The LV endocardial activation pattern and total activation time (Tat) was determined by non‐contact mapping and the LV mechanical dys‐synchrony was determined by standard deviation (Ts‐SD) and maximal difference (Ts‐diff) of time to peak systolic contraction (Ts) among 12 LV segments using tissue Doppler imaging before receiving CRT.
Main outcome measures
Correlation between electrical and mechanical dys‐synchrony; volumetric responder to CRT at 3 months; HF hospitalisation or death by Kaplan–Meier analysis.
Results
Homogenous (type I, n = 8) and presence of conduction block (type II, n = 15) patterns were identified. Significant correlation between Tat and Ts‐SD/Ts‐diff was noted only in type II (r = 0.73/0.56, p = 0.002/0.03). Ts‐SD and Ts‐diff in type II were significantly longer than type I. 12 patients in type II and 2 in type I were CRT responders (p = 0.01). After 487 (447) days, patients with type II pattern had significantly lower risk of HF hospitalisation or death than those with type I (log rank χ2 = 5.25; p = 0.02).
Conclusion
Patients with type II LV endocardial activation pattern had a more favourable echocardiographic and clinical response to CRT than those with type I pattern.

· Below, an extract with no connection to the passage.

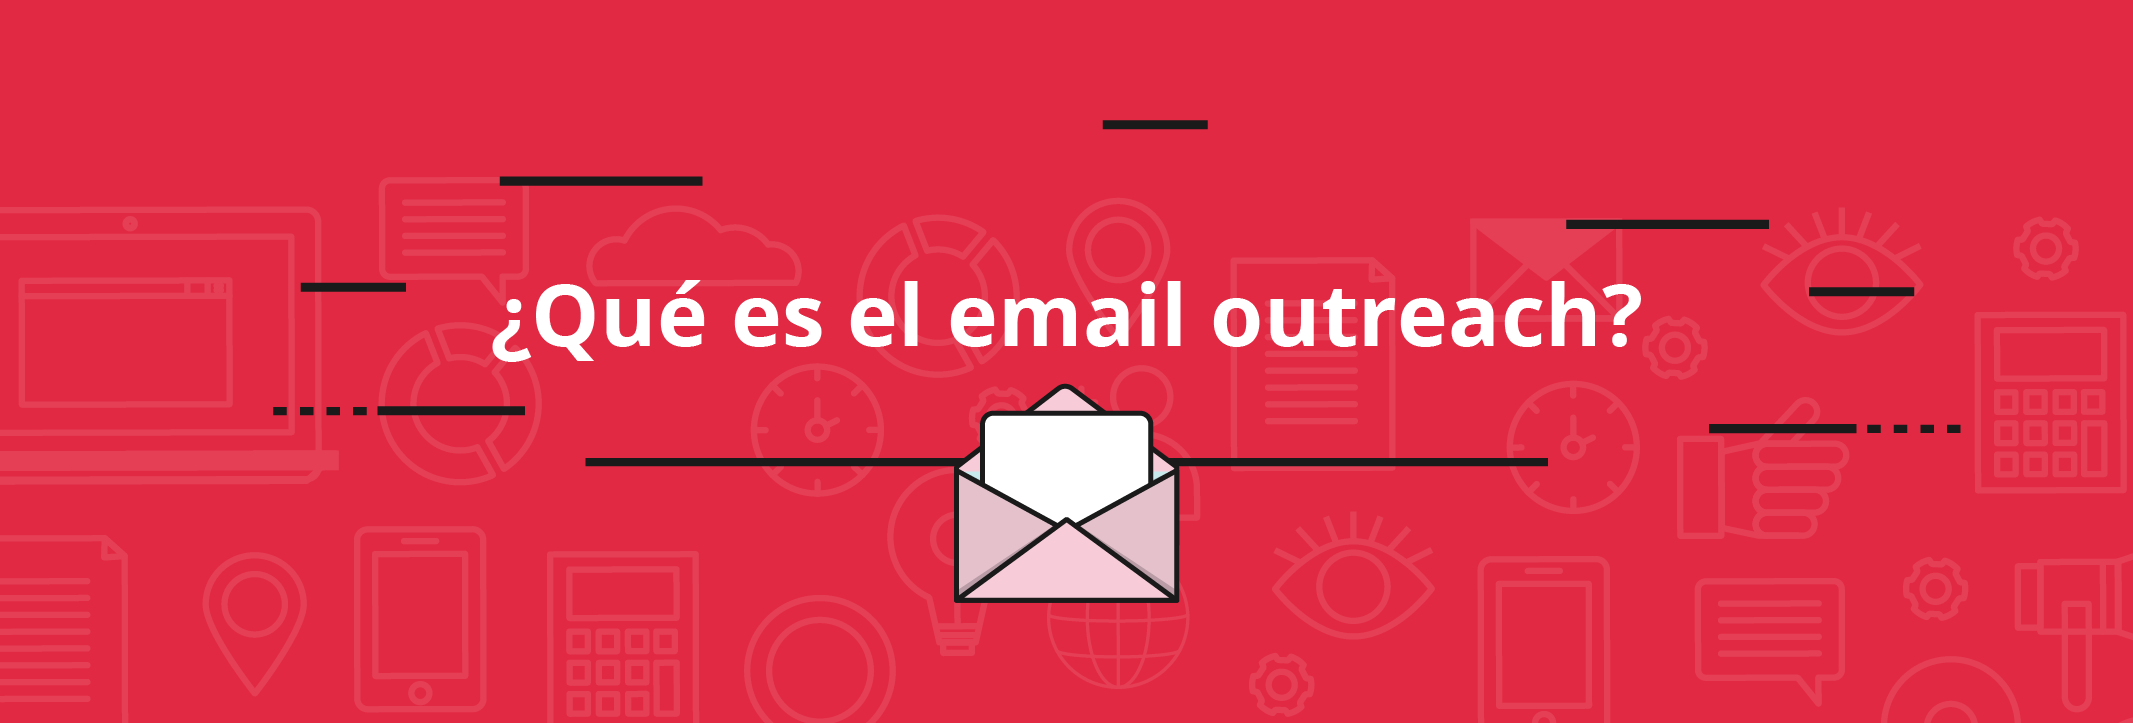 Qué es el email outreach

In recent years, several large‐scale randomised controlled trials have confirmed the beneficial role of cardiac resynchronization therapy (CRT) in patients with systolic heart failure (HF) and a wide QRS complex.1,2,3,4 The proposed mechanism of benefit by CRT is the improvement of systolic synchronicity between different LV segments.5 However, up to one third of these patients did not respond to CRT when using conventional selection criteria based on QRS duration.1,6,7 In fact, previous studies have shown that prolonged QRS duration on ECG was a poor marker of underlying LV mechanical dys‐synchrony.8,9 Search for better selection criteria is necessary to improve the overall response rate to CRT. Currently, LV mechanical dys‐synchrony at baseline assessed by tissue Doppler imaging (TDI) is a useful tool to identify the responders after CRT.5,10,11
Although the proposed mechanism of benefit by CRT is the correction of underlying electromechanical abnormality, the relationship between LV electrical activation and mechanical dys‐synchrony detected by echocardiography is not clear. Previous mapping studies have shown that the LV activation pattern was variable in these patients.12,13,14 Lines of conduction block during LV endocardial activation was detected in some of these patients, but its implication on the response to CRT remains undetermined. By means of non‐contact LV mapping and TDI, we sought to (1) explore the LV electromechanical property in patients with HF and wide QRS complex and (2) determine the effect of LV endocardial activation pattern on echocardiographic and clinical response to CRT.
Methods
Patients
This is a prospective study to evaluate the electromechanical property by TDI and non‐contact LV mapping and its implication to CRT response in 23 patients. All patients were in sinus rhythm, with LV ejection fraction <35% measured by transthoracic two‐dimensional echocardiography, New York Heart Association class III, QRS complex duration ⩾120 ms on ECG and optimally treated by medical treatment. Clinical and echocardiographic assessment was performed at baseline and 3 months after CRT. Non‐contact LV mapping was performed on the same day after CRT implantation in all patients. The study protocol was approved by the local ethics committee and written informed consents was obtained from all participants.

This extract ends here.